In summary, our research shows that radiotherapy itself can increase the expression of VISTA and other immunosuppressive signals in tumor cells and tumor microenvironment and induce an increase in the number of Foxp3, and CMNa sensitization radiotherapy combined with immune checkpoint inhibitor therapy can achieve mutual benefits. CMNa can sensitize the efficacy of radiotherapy, and can also reduce the compensatory increase in Foxp3 level caused by radiotherapy, and reduce the radiotherapy response. At the same time, it may cause the VISTA level of immune checkpoint to further increase. If the immune checkpoint VISTA inhibitor is combined at this time, it will improve the anti-tumor efficacy, and this benefit can only occur when the CMNa sensitization radiotherapy is combined with the VISTA inhibitor treatment at the same time.
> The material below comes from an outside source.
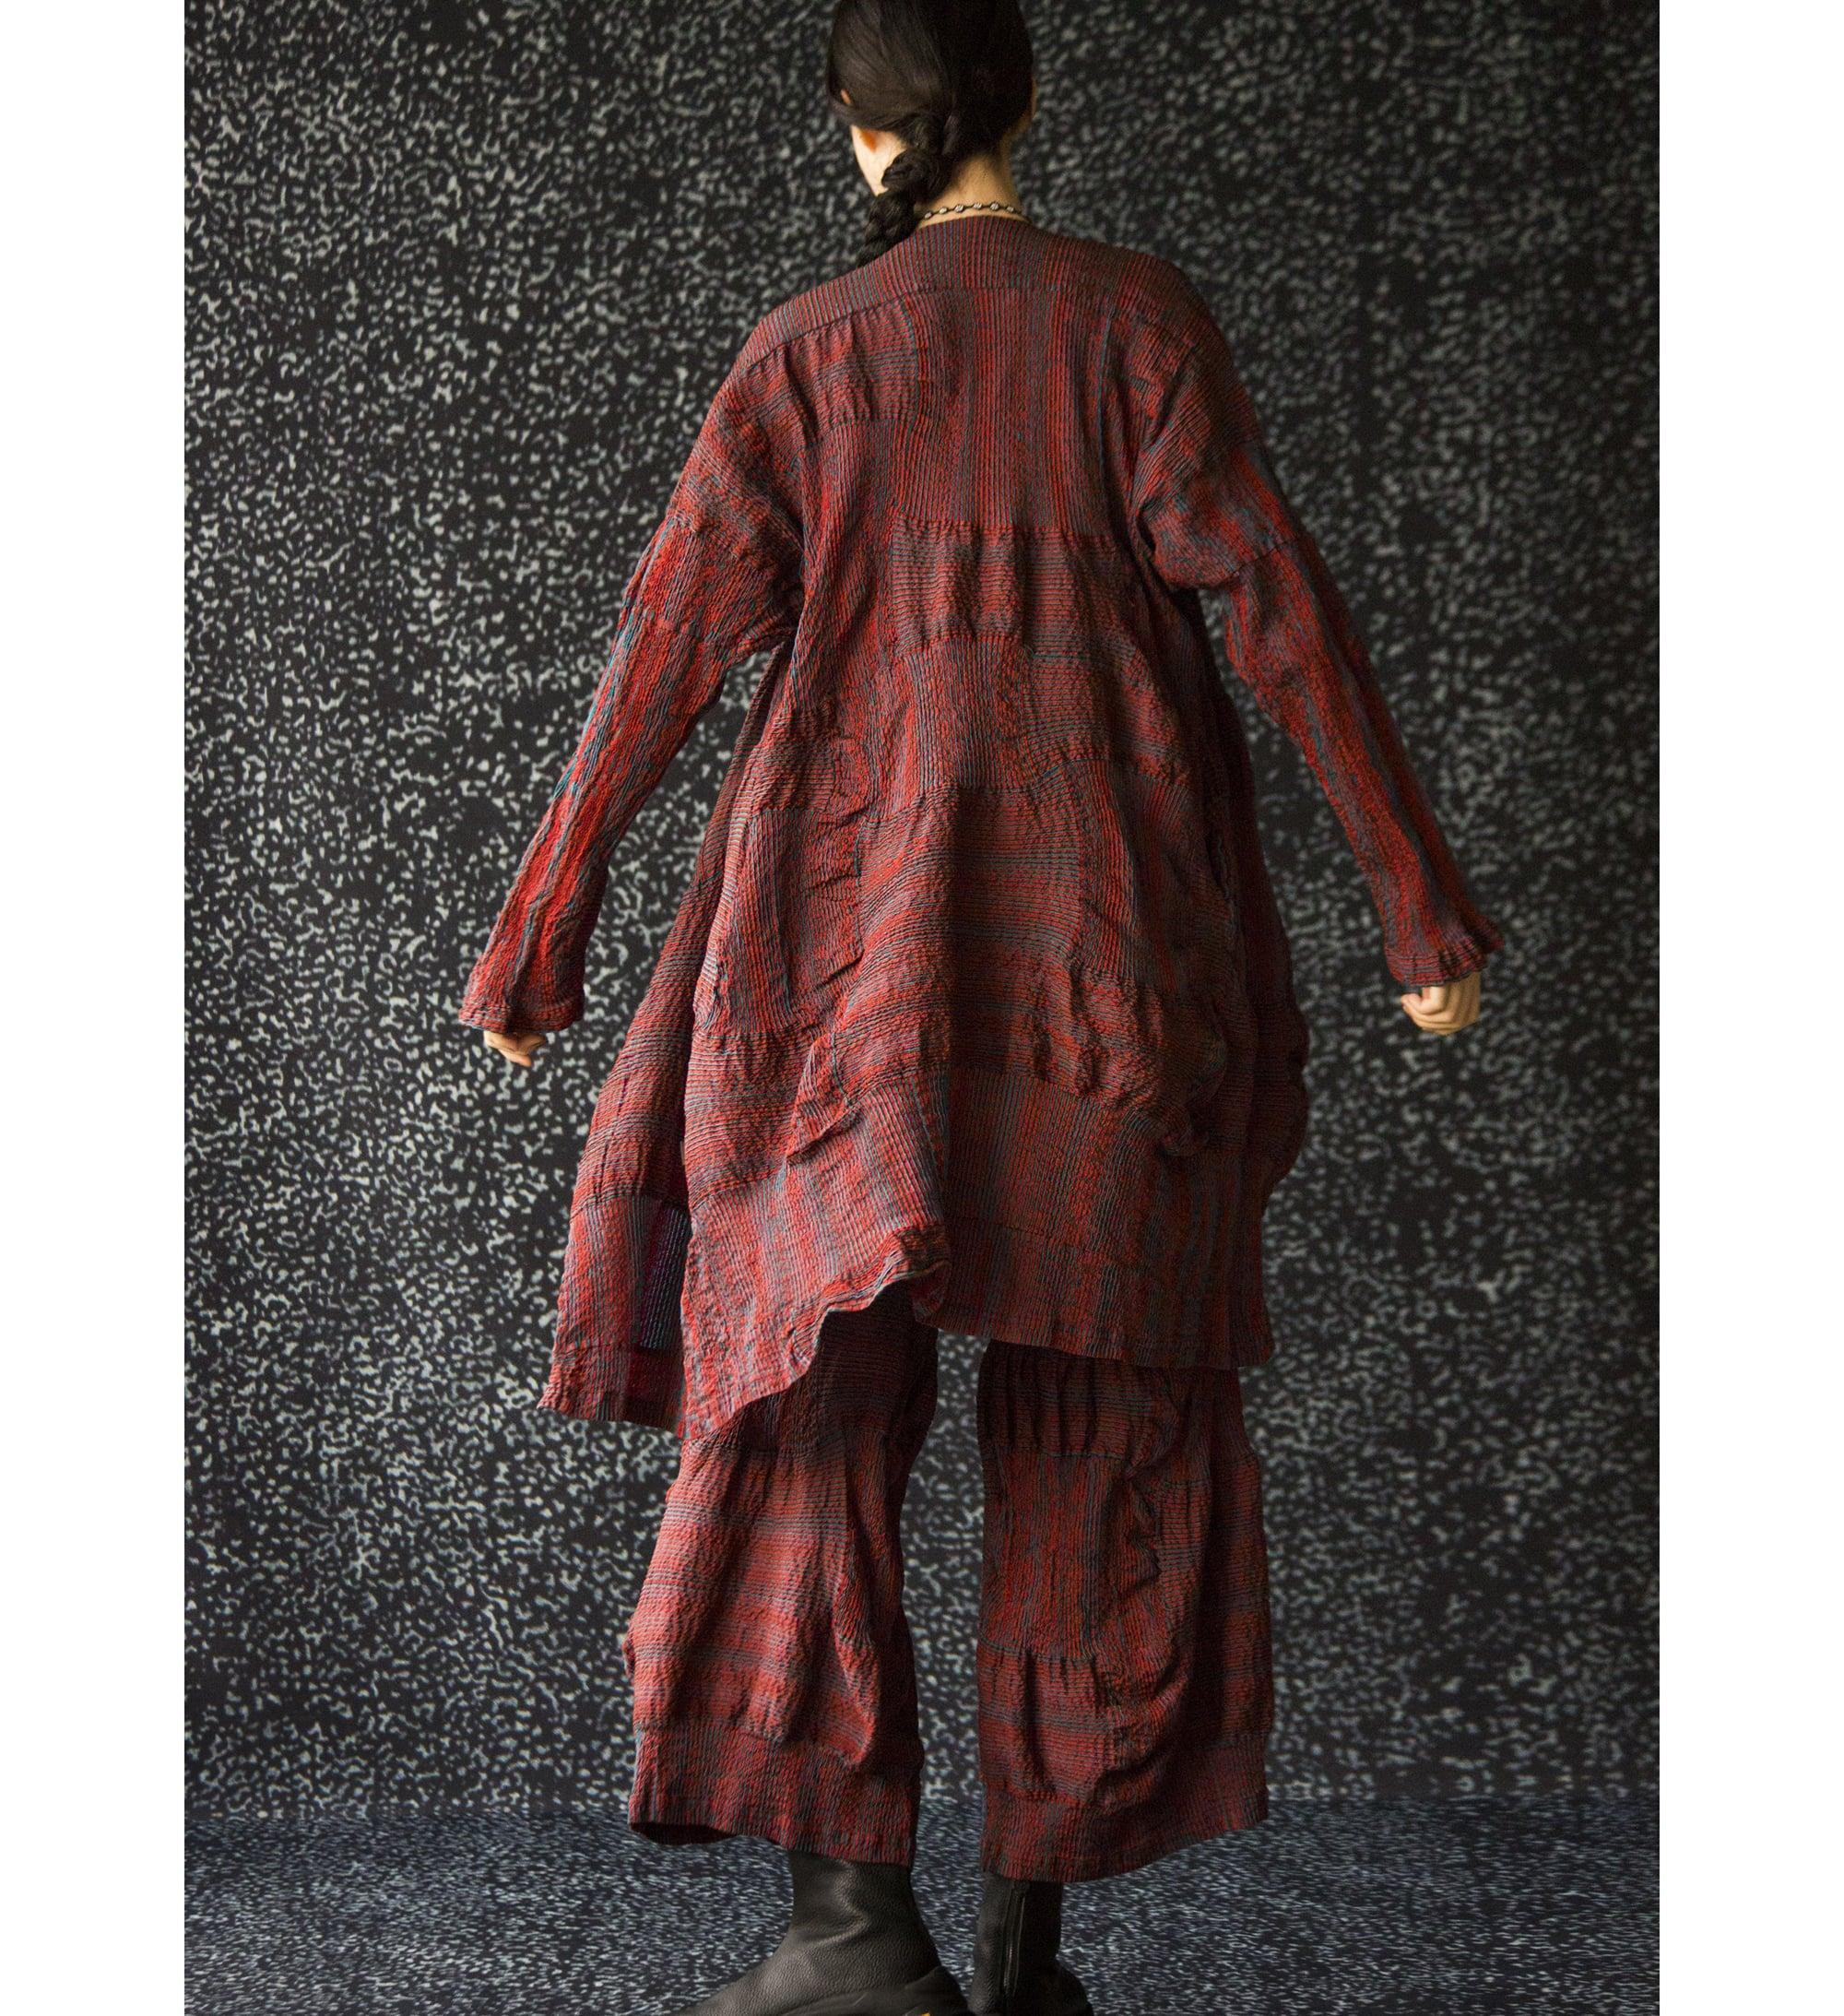 2019年秋冬コレクション。緯糸に強撚糸を使うことで、立体的な畝をつくり出すジャガード織りを施した3Dパッチワーク。

The curative effect is better than the treatment with VISTA inhibitor alone, which will also increase the incidence of distant effects. At present, evidence shows that high-dose fractionated radiotherapy is more closely related to the generation of distant effects. Therefore, research on the optimal dose and treatment method is very important for optimizing radiotherapy combined with immunotherapy, which may be affected by the biological behavior of different tumors and the limitations of experimental animal models. And for the observation of the side effects of the combination therapy, these all need further research and clinical verification.

Conclusion

CMNa can enhance the efficacy of radiotherapy, and at the same time can reduce the compensatory increase in regulatory T cell Foxp3 levels caused by radiotherapy, thus reducing the occurrence of radiotherapy side effects. However, in the course of the treatment of the two, there may be a substantial increase in the level of VISTA. It mesns that if combined application of VISTA inhibitors may increase the anti-tumor response, and this benefit only occurs when CMNa sensitizing radiotherapy is given in combination with VISTA inhibitor treatment at the same time.